## [TASK BRIEF]
Leaving out the images, reproduce every line of the data that follows exactly.

## [MATERIAL PROVIDED]
++++++++

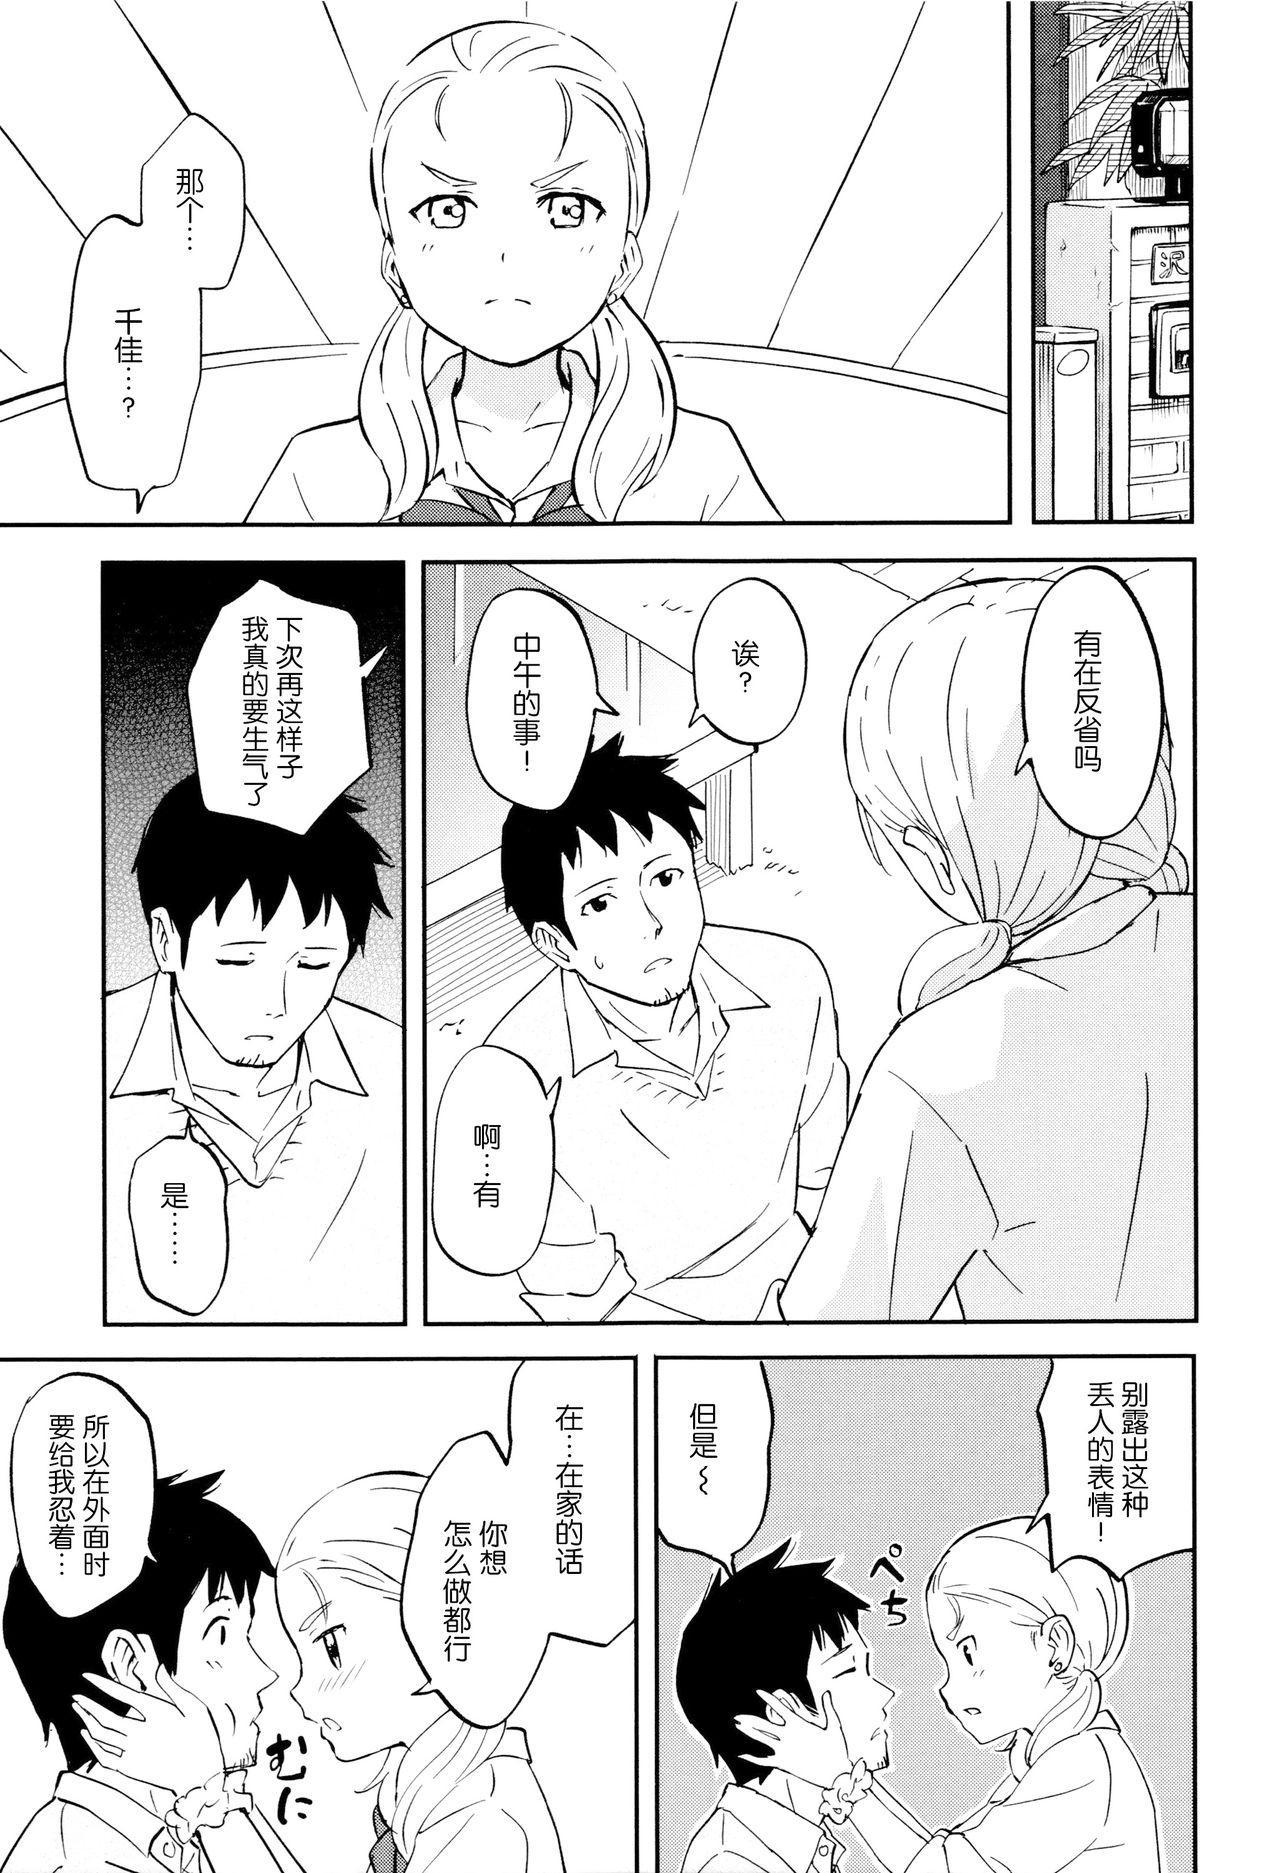 Tokubetsu na Mainichi - Special daily 81
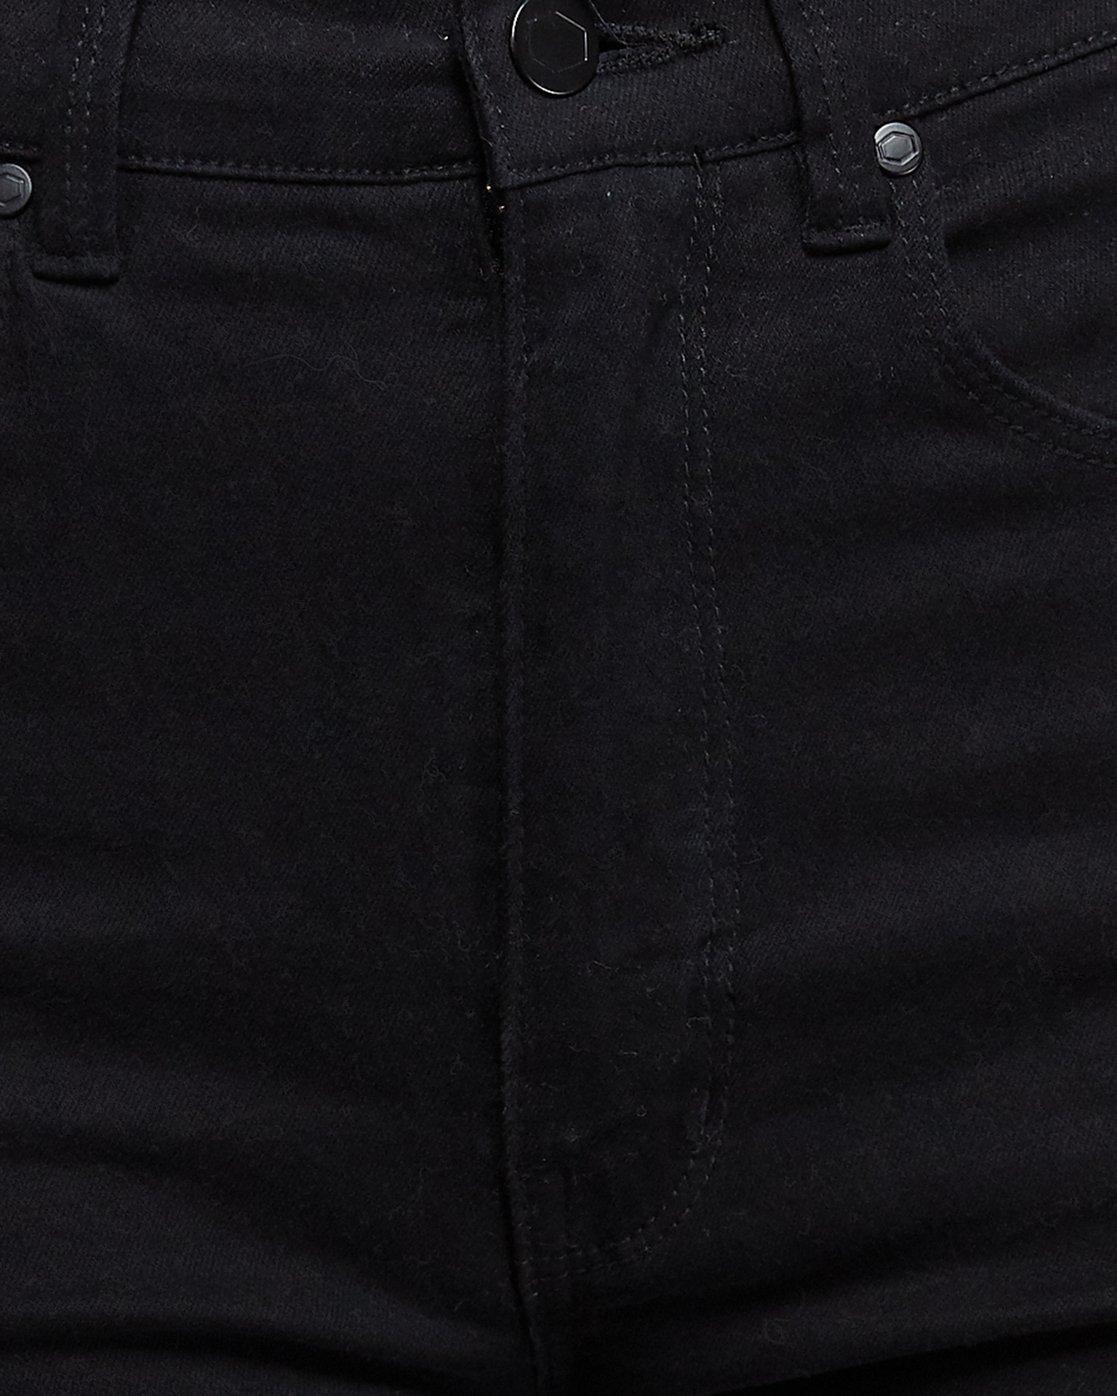 6 Solar Pants - Black Black  R283229 RVCA
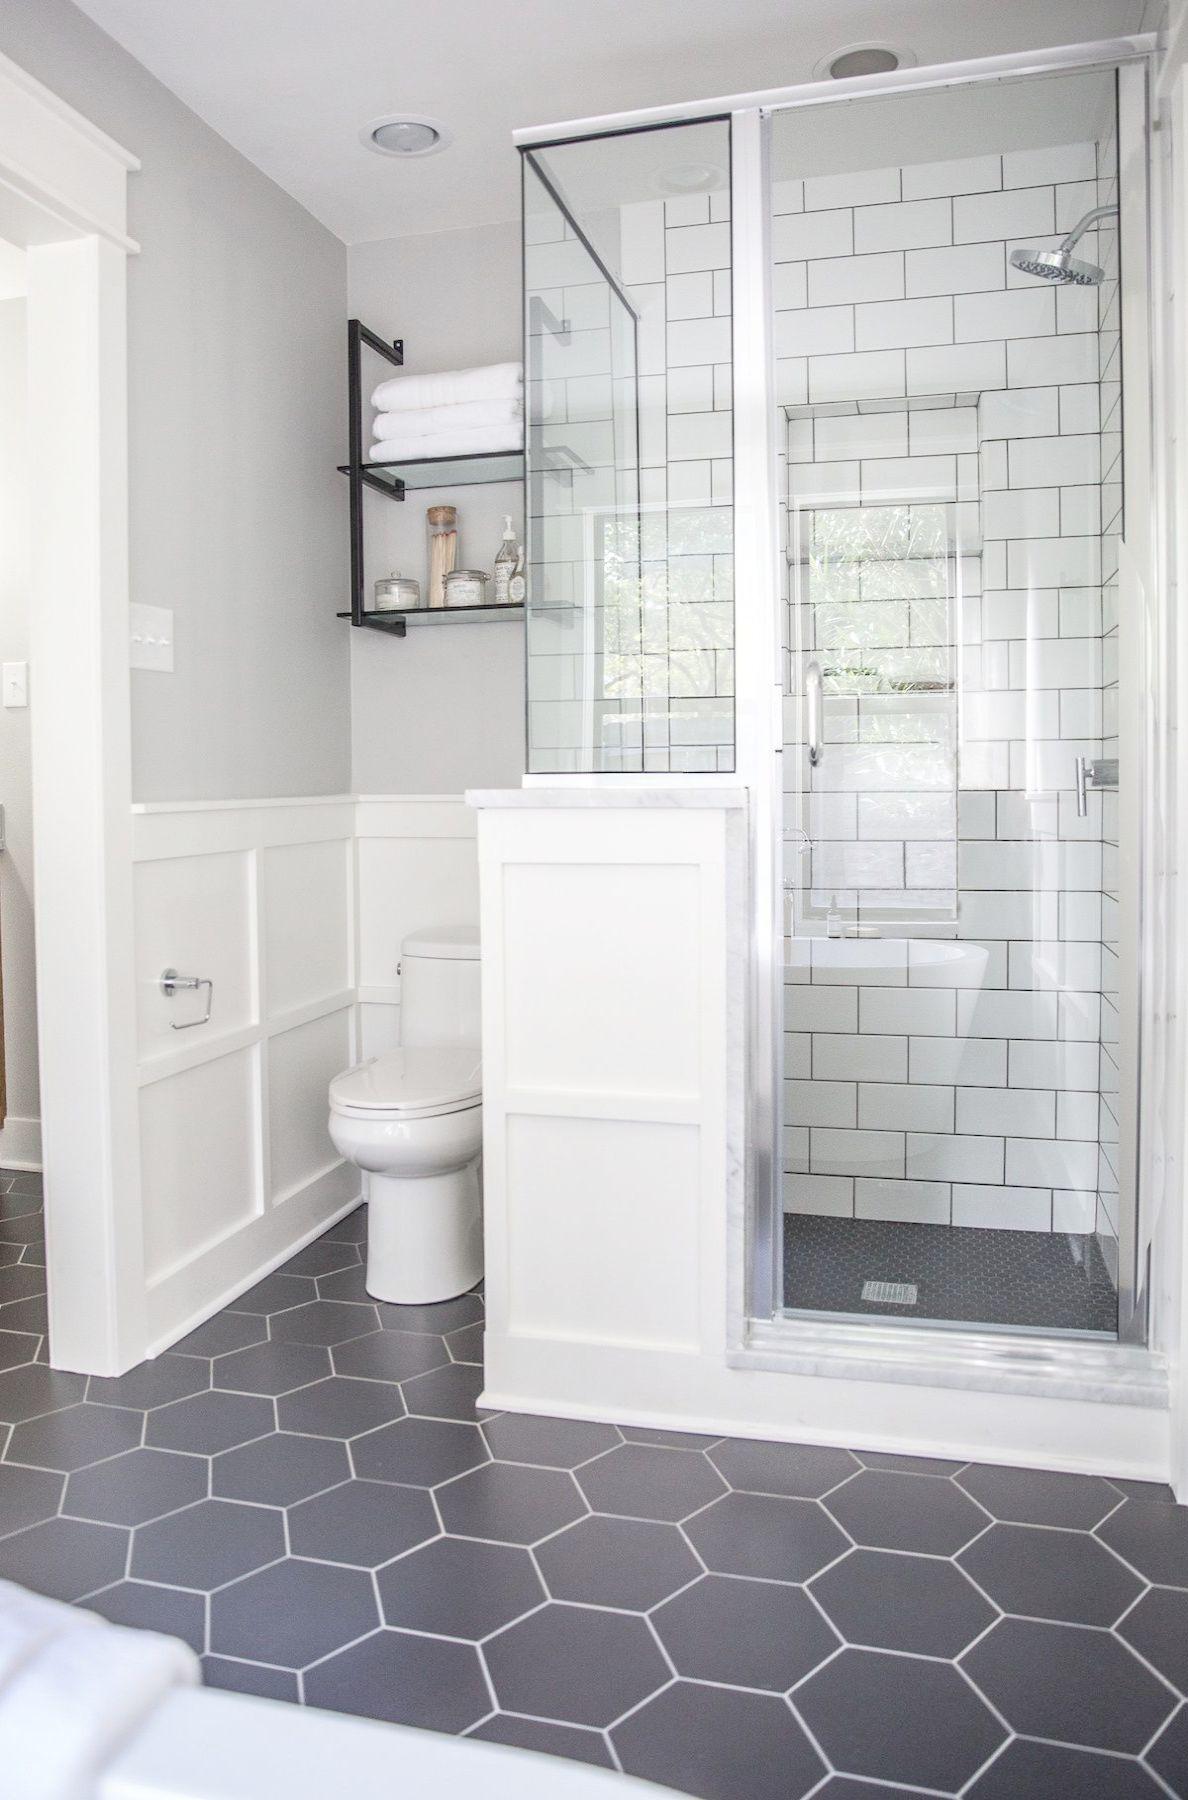 Bathroom Decor Grey And White Bathroom Ideas Homebase | Bathroom ...

++++++++

## [RESULT OF THIS TASK]
 Tokubetsu na Mainichi - Special daily 81
 6 Solar Pants - Black Black  R283229 RVCA
 Bathroom Decor Grey And White Bathroom Ideas Homebase | Bathroom ...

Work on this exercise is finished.